At this point, most of the evidence showing that methylation patterns can revert back to a premethylated state comes from animal studies, but Dr. Arnett's group is hoping to get funding for a follow-up of a 10-year-old study that looked at epigenetic changes in response to a high-fat meal. "I'm hoping to bring them back and repeat the whole study and see if their methylation profile has reverted back to a healthier state in the 10 years since we saw them last."
Also unknown: whether epigenetic changes reflected in serum are consistent with changes in particular organs or across different cell types. That's a basic question requiring an answer, Dr. Arnett stressed, because if clinicians find useful information in the blood, they won't need to try and get tissue biopsies from organs like the heart, kidney, or brain, which clearly is not something patients will give easily.

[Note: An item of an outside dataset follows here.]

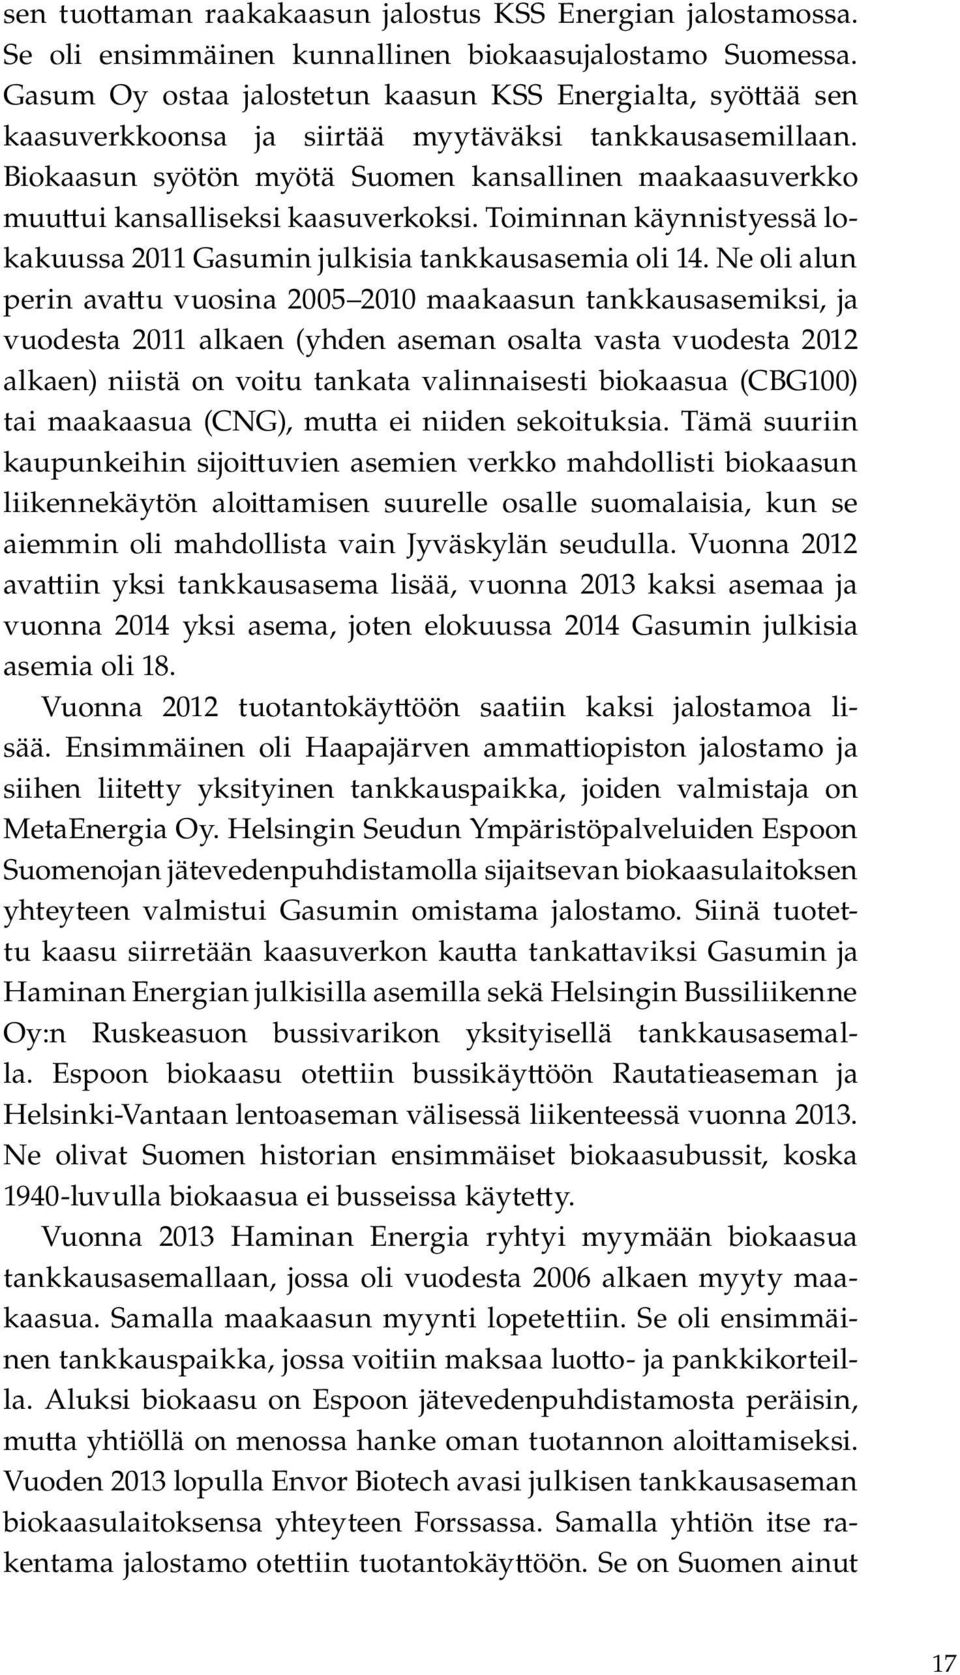 Biokaasun syötön myötä Suomen kansallinen maakaasuverkko muu ui kansalliseksi kaasuverkoksi. Toiminnan käynnistyessä lokakuussa 2011 Gasumin julkisia tankkausasemia oli 14.
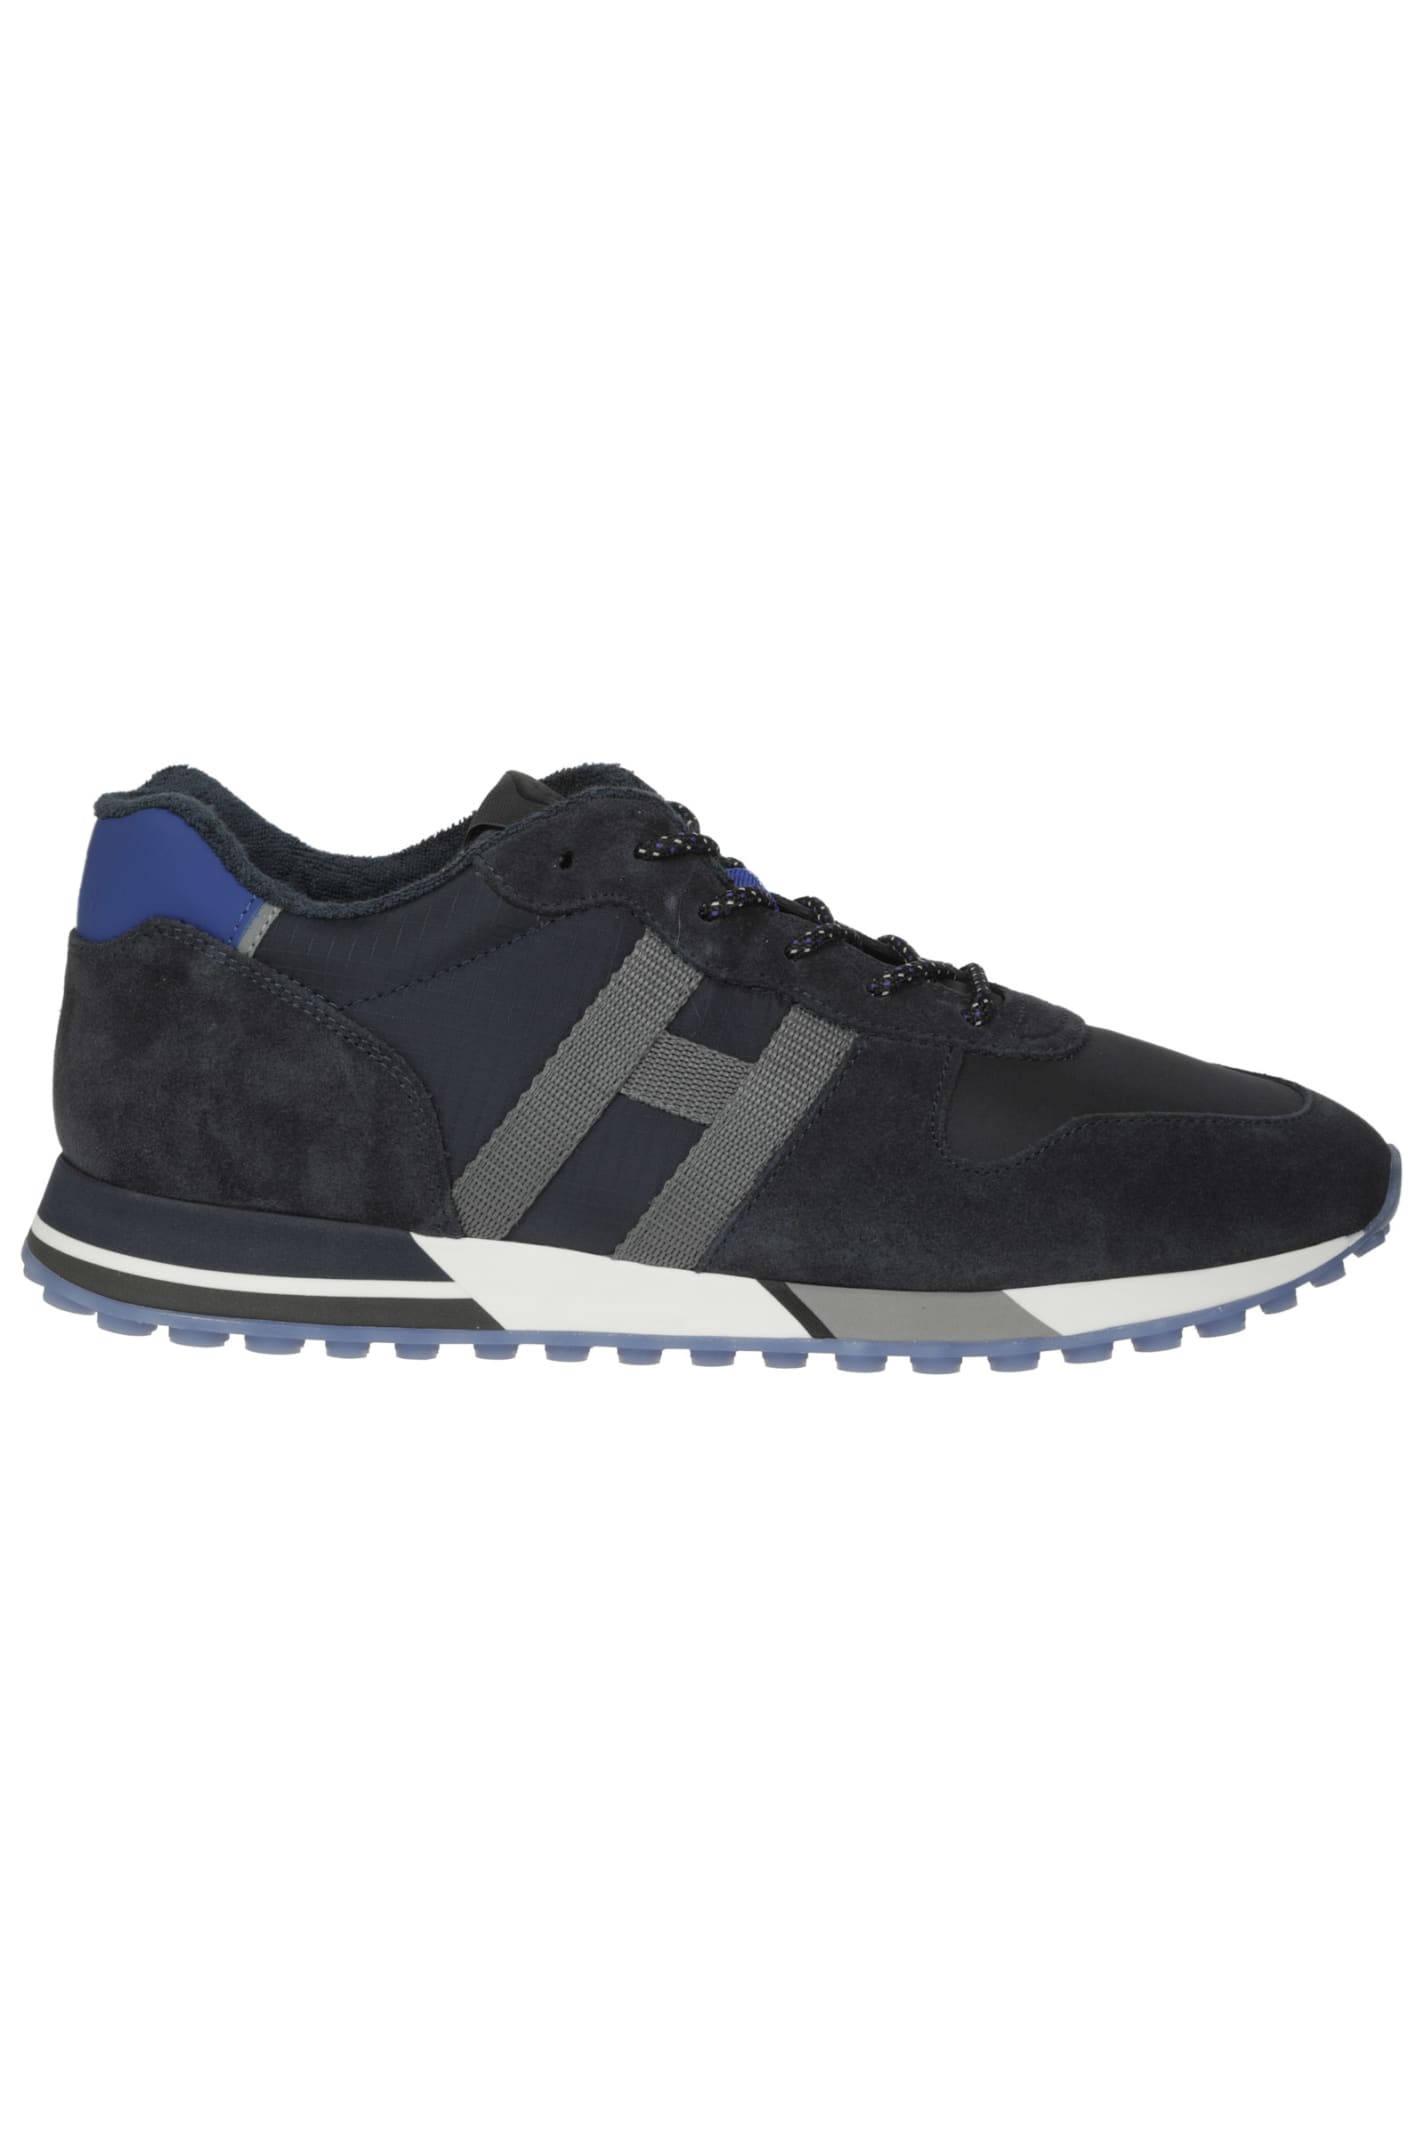 Hogan H383 Nastro Sneakers

Where No One Has Gone Before
Notwithstanding continued challenges, epigenetics is a burgeoning field of research, according to Dr. Levy, with new investigations appearing monthly that improve our general and specific understanding of this extraordinary field.
In June 2014, Dr. Arnett's group published an epigenome-wide association study (EWAS) that looked at whether there might be differential methylation of CpGs related to lipid phenotypes.5 The team identified a "robust association" between the methylation status of four markers of the gene CPT1A, the expression of CPT1A, and levels of plasma triglycerides and very low-density lipoprotein cholesterol.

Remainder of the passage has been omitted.